#### [Given data]
━━━
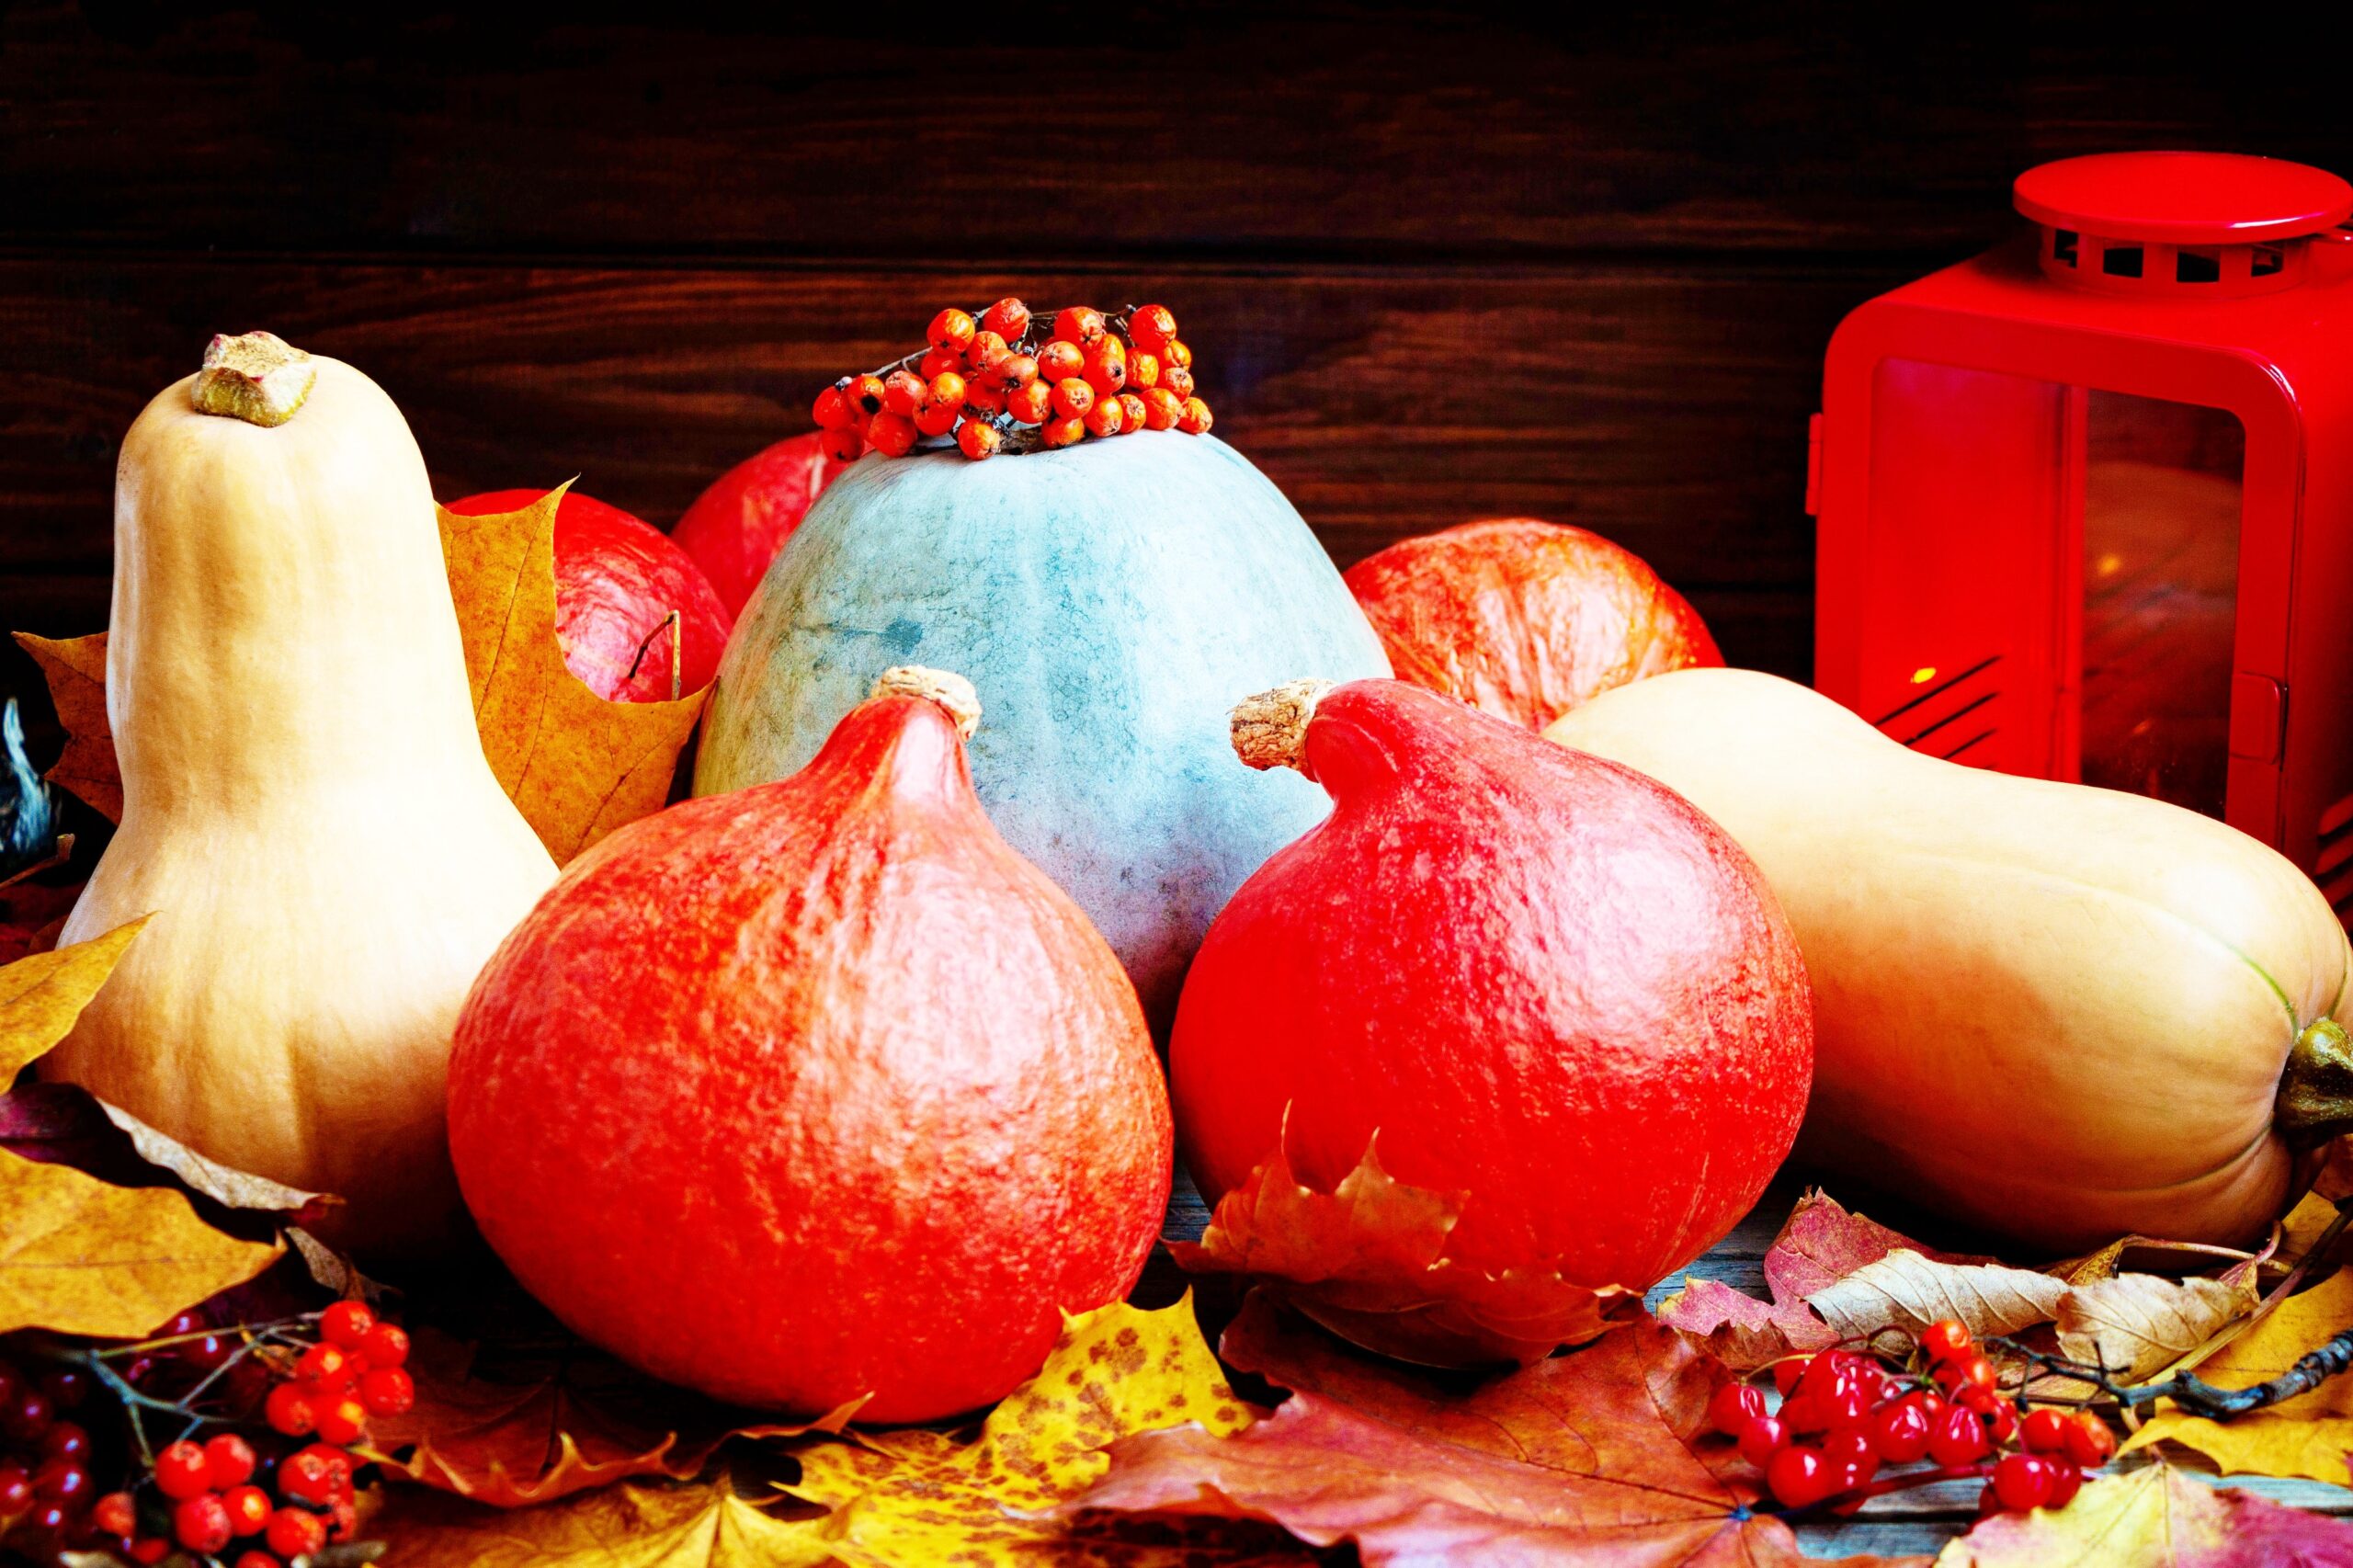 <img src="colourful.jpg" alt="colourful qurky pumpkins with firethorn"/>
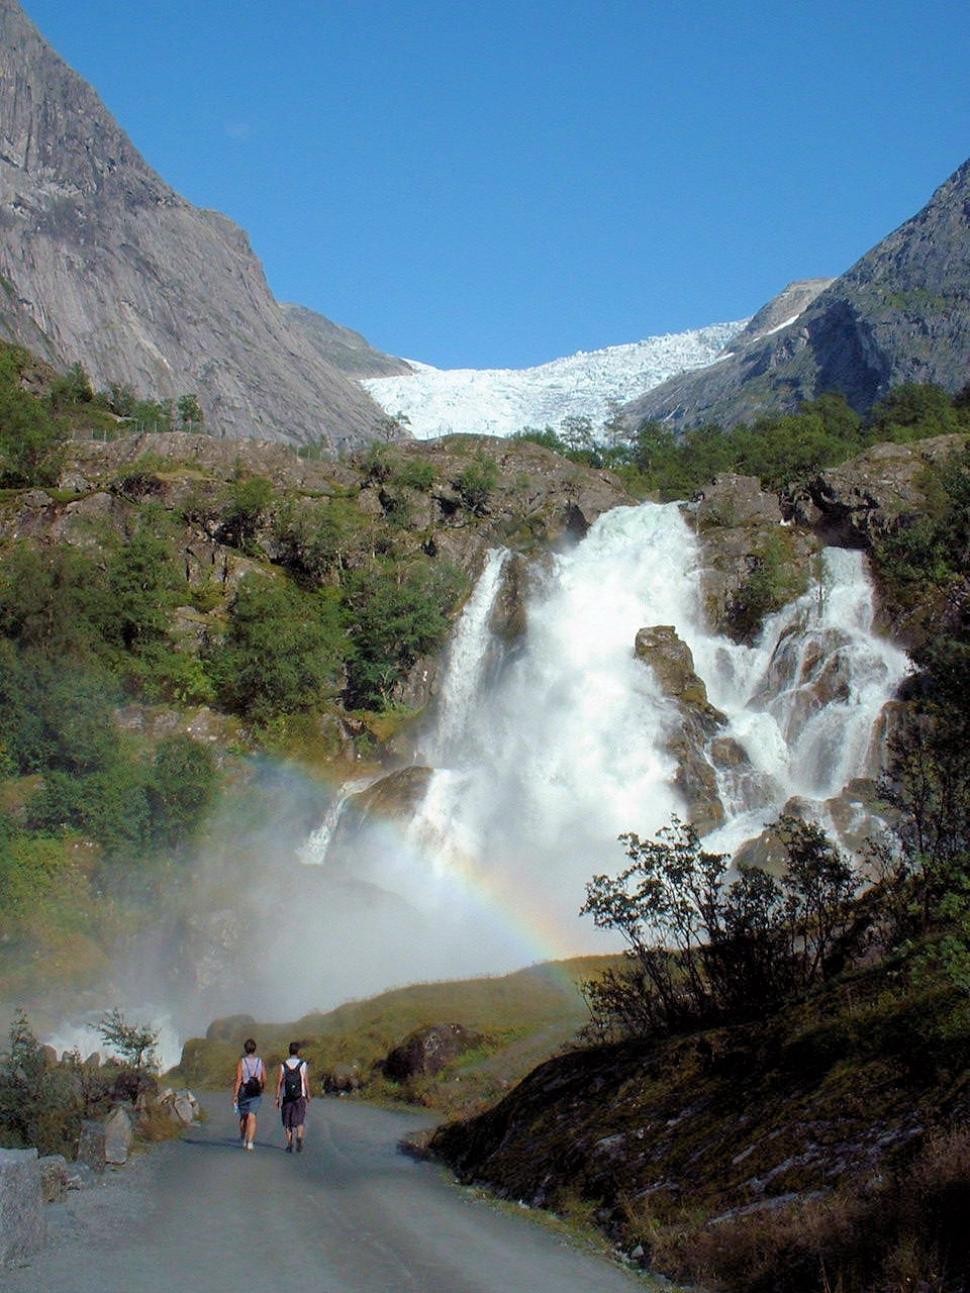 Free Image of Norway waterfall 
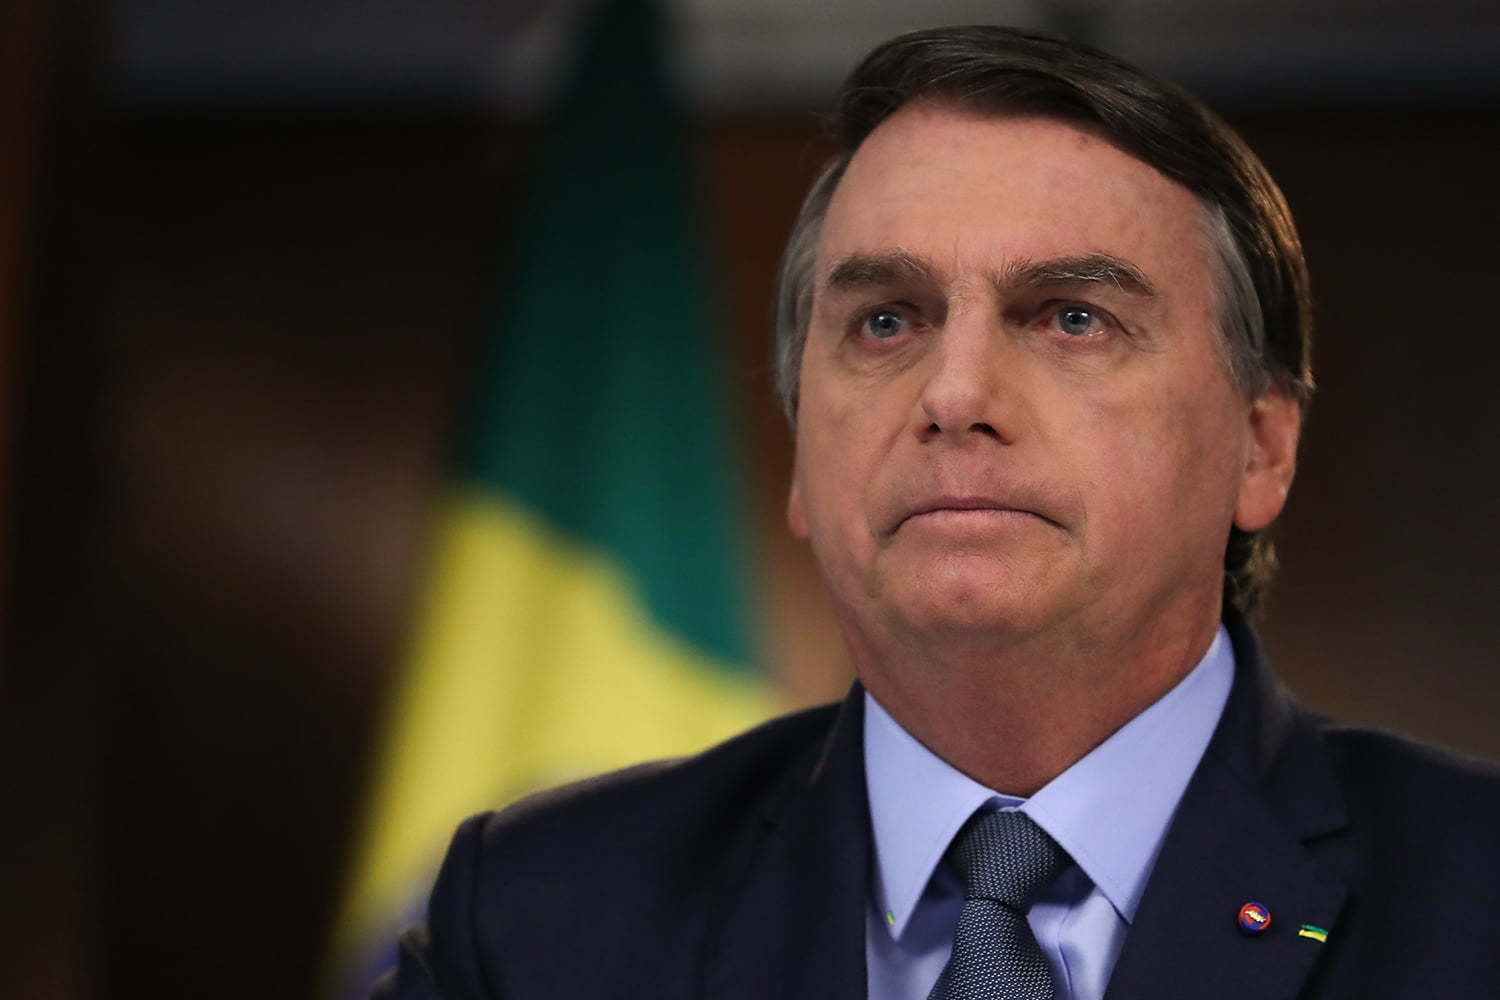 Novo marco da biodiversidade deve considerar crise, diz Bolsonaro
━━━
#### [Work order]
Copy exactly, and copy nothing else: the lines from the one containing "Free Image of Norway waterfall" through the end of the data, both ends included, with pictures left out.

#### [Your response]
 Free Image of Norway waterfall 
 Novo marco da biodiversidade deve considerar crise, diz Bolsonaro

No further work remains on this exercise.